Please set out each line below exactly as it stands, without the images.

> **AVAILABLE DATA**
******

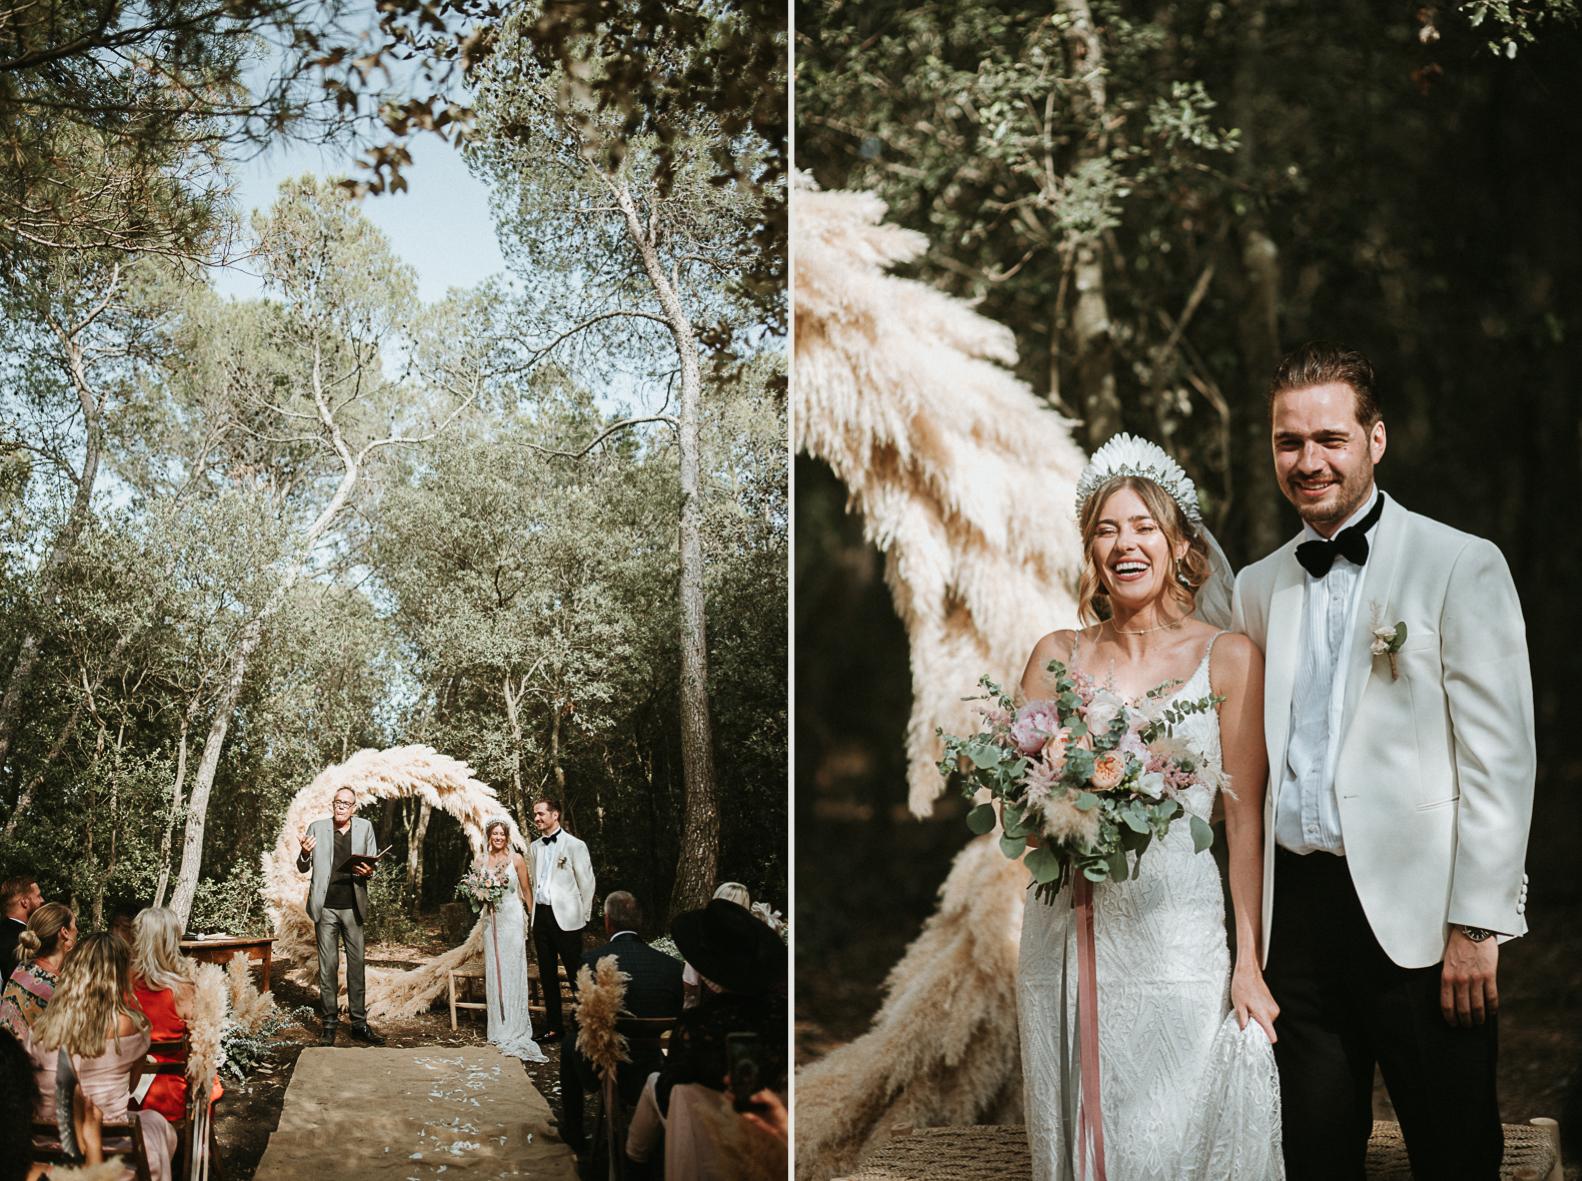 miks-sels-mas-terrats-girona-wedding-photographer-42.1
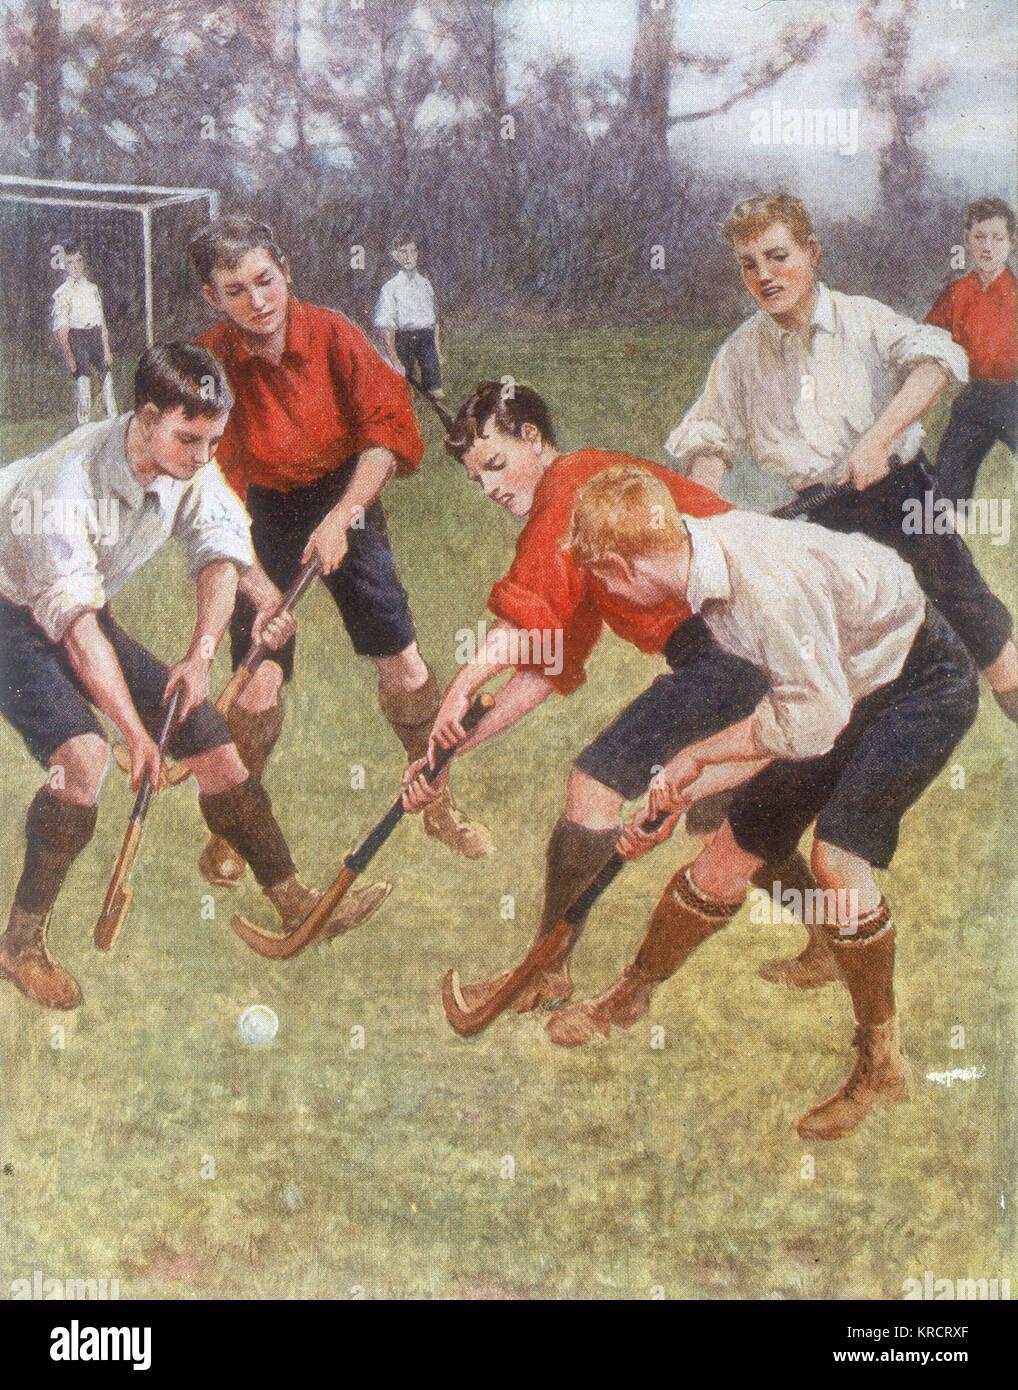 Un Boys' hockey Fecha: 1908 Imagen De Stock
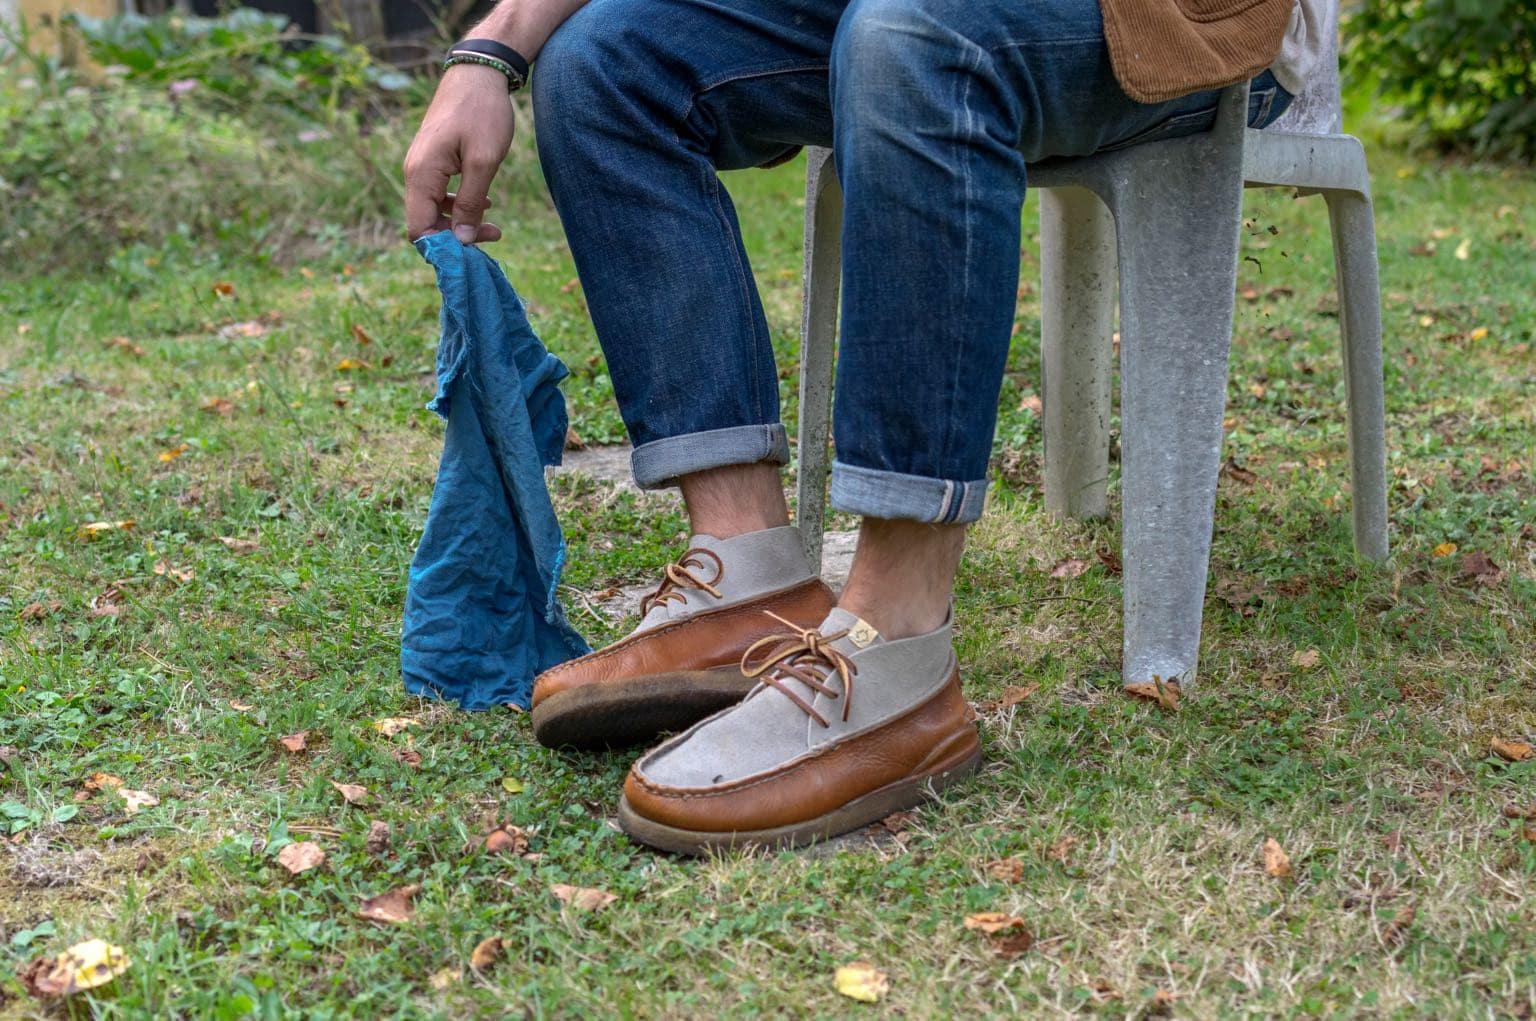 Visvim canoe moc mid-folk shoes - native shoes

******

> **TASK SOLUTION**
 miks-sels-mas-terrats-girona-wedding-photographer-42.1
 Un Boys' hockey Fecha: 1908 Imagen De Stock
 Visvim canoe moc mid-folk shoes - native shoes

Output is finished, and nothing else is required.